New Zealand politician

Frederic Jones (1832 – 8 September 1890) was a New Zealand politician. Originally from England, he settled in the colony in 1863 for health reasons.

==Early life==

Jones was the third son of John Humphreys Jones, from the Shropshire region in England. He received his education from the Reverend G. Wharton, vicar of Kinver, and learned the trades of architecture and surveyor. He was employed by the architecture firm Haslam and Butler in London.

In January 1863, Jones arrived in Lyttelton with his brother T. D. Jones on the Chariot of Fame. His second brother, John Humphreys, remained in Dalston, London. The main reason for emigration was to improve his health by a change of climate.

Jones was for several years employed in the office of the builder Jenkins, and he worked in the office of Messrs W. Montgomery and Co after that. Jenkins, Jones and a Mr Innes started a flax mill in Kaiapoi, but the business failed. The site was later occupied by the Kaiapoi Woollen Manufacturing Company.

==Political career==

Jones held numerous offices in local government, and was later described as the foremost expert in the country on local government matters.

He was a member of the Heathcote Road Board, including its chairman. In 1880, he was chosen to represent the Heathcote district on the South Waimakariri Board of Conservators, which later became the South Waimakariri River Board. For some time, he chaired the board and retired from it in December 1887, owing to his parliamentary workload. In January 1882, he was chosen as the Heathcote Road Board representative on the Drainage Board, but he resigned from that role in May of that year.
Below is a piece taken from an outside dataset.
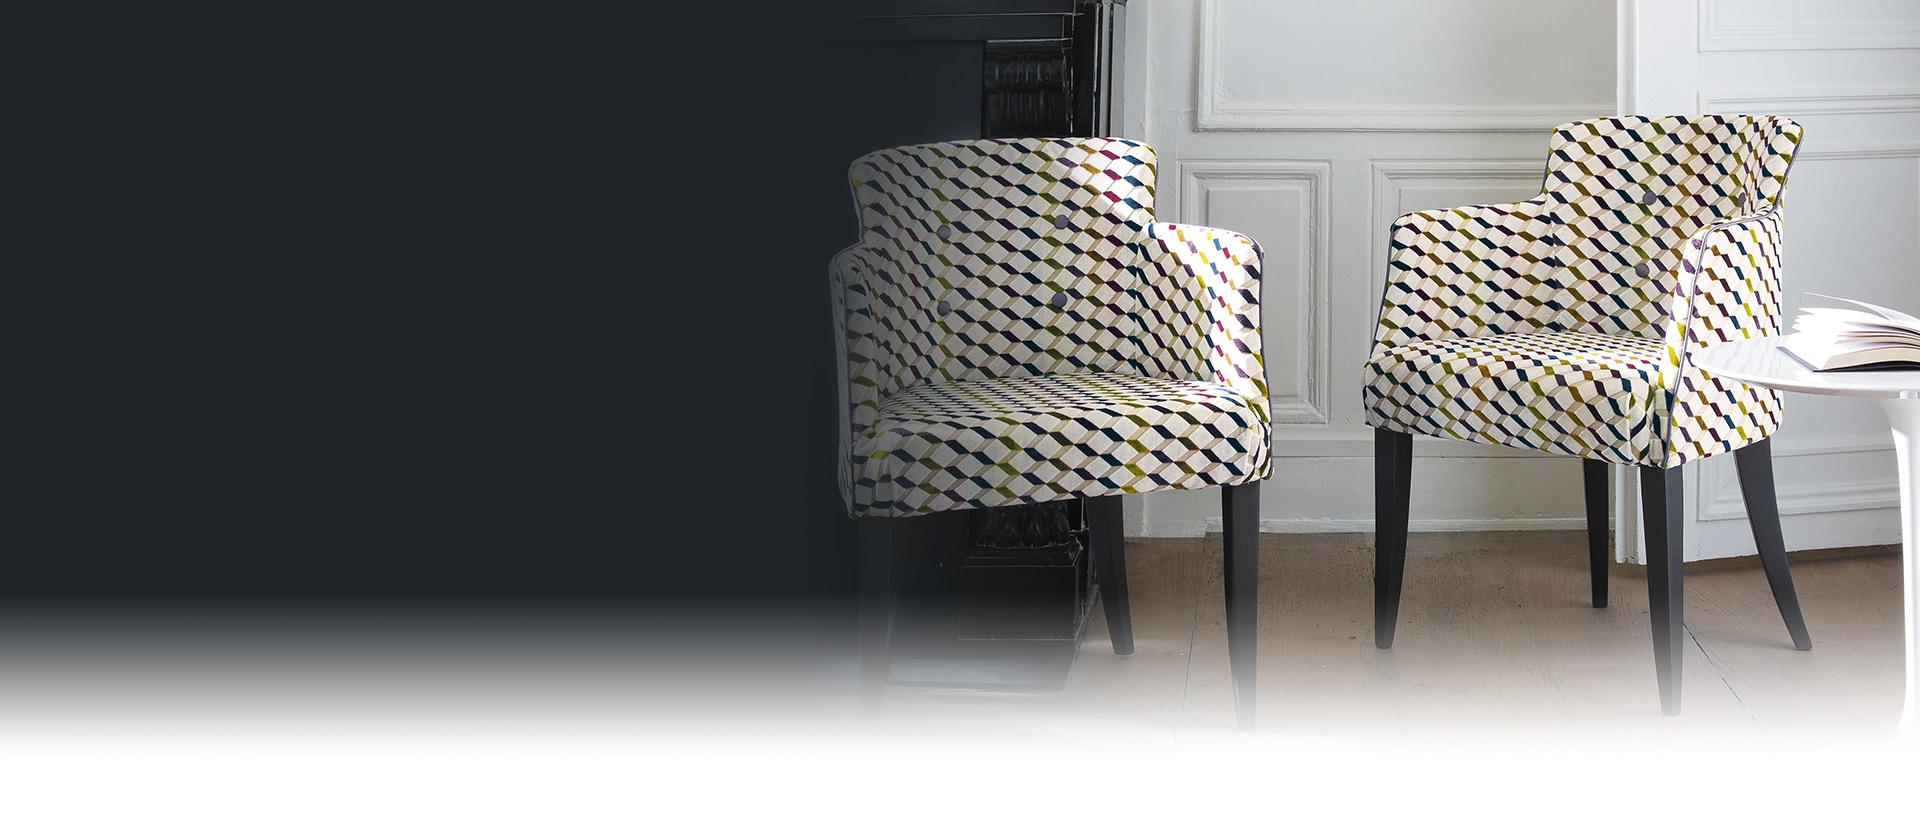 Dwa krzesła w wzorze różnokolorowych kostek stojące w białym pokoju - slajder #3
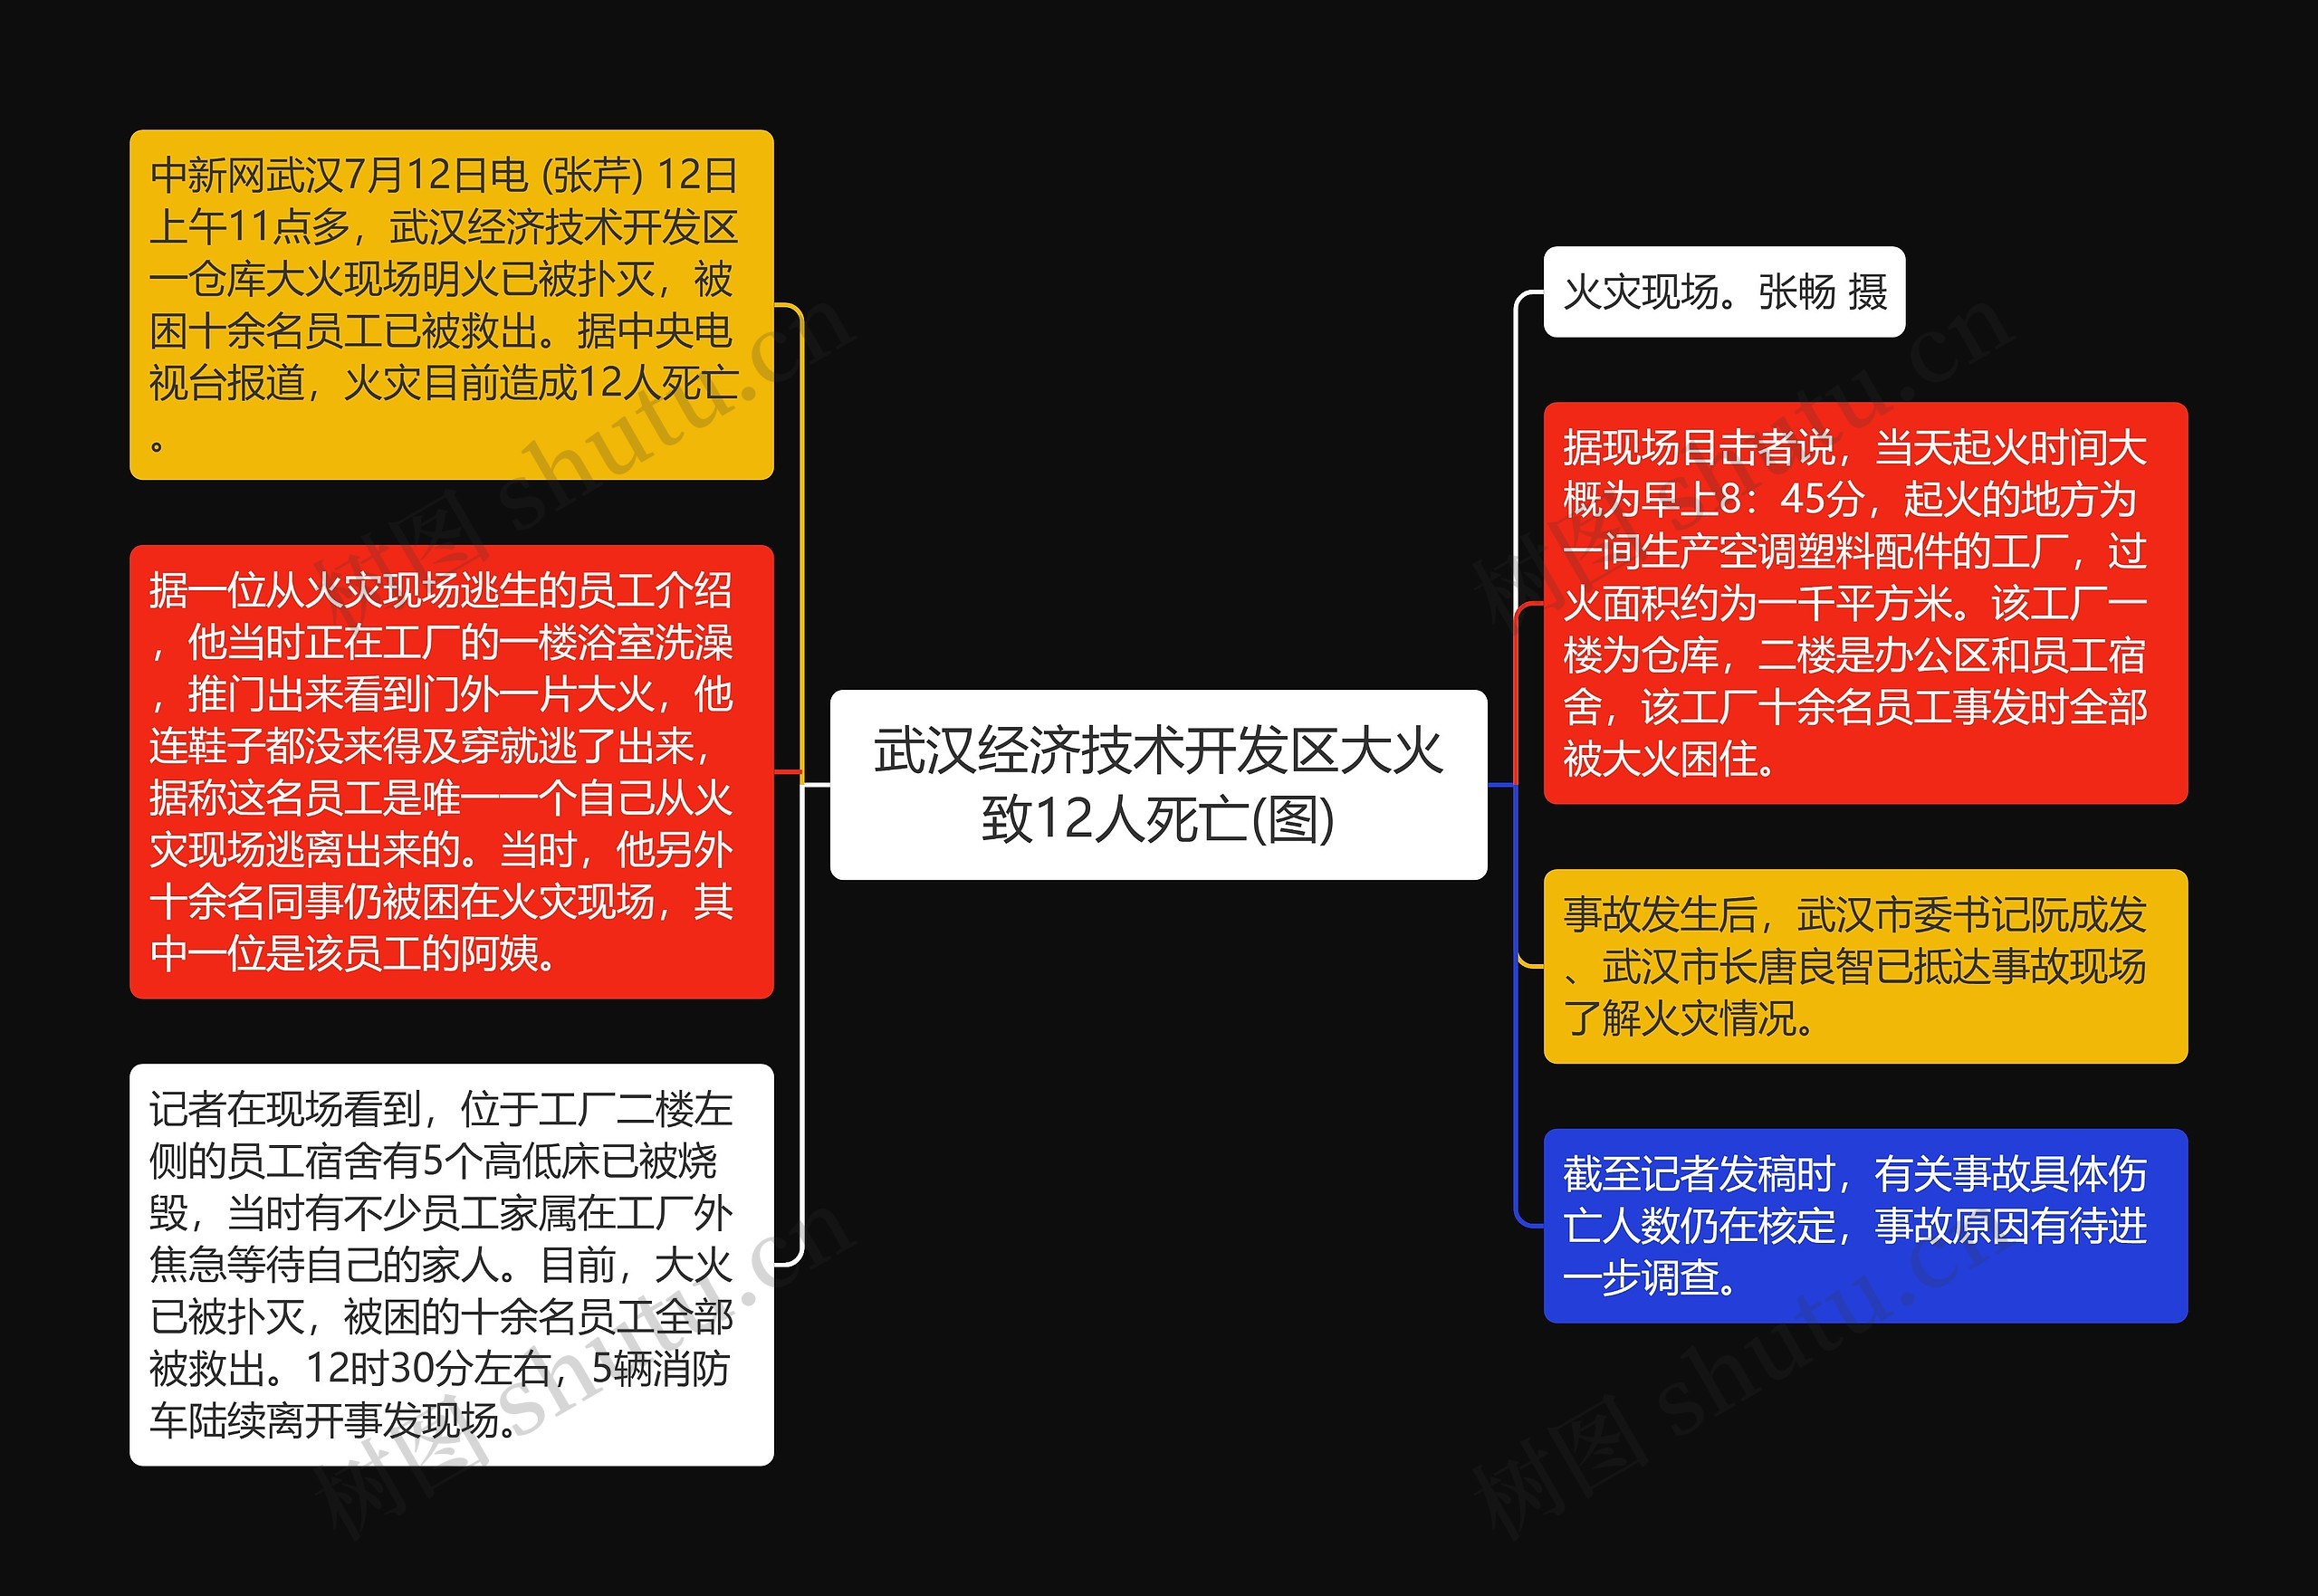 武汉经济技术开发区大火致12人死亡(图)思维导图

In 1881, he was elected onto the Selwyn County Council as the representative for the Heathcote riding, and remained a councillor until his death. His main contributions were a principal part in organising the Halswell drainage scheme and securing the Cashmere Hills domain as a public reserve. From 1883 until his death, he was the chairman of the board that administered this domain. He was appointed in 1885 by the Selwyn County Council as their representative on the Hospital Board, and on the Charitable Aid Board, the latter of which he chaired in 1886–87. At the time of his death, he was chairman of the Hospital Board.

===Member of Parliament===

The death on 17 December 1886 of John Coster, who represented the Heathcote electorate in parliament, caused the February 1887 Heathcote by-election. There were several people interested in standing in the electorate, including the former Heathcote MP Henry Wynn-Williams, but with Jones and the current Mayor of Christchurch, Aaron Ayers considered as the only contenders of having a chance of success, most other candidates withdrew from the contest. On nomination day on 2 February 1887, Jones and Ayers were nominated. A third person, James Arthur Williams, nominated himself, but could not find anybody to second this motion. Thus, the by-election was a two-person contest. On election day, 8 February 1887, the majority opinion was that Ayers would win. There was great interest in the election, as evidenced by the high turnout. Jones had a considerable majority over Ayers, with 527 and 336 votes, respectively. The 191 votes majority was mirrored by Jones having won all four polling stations.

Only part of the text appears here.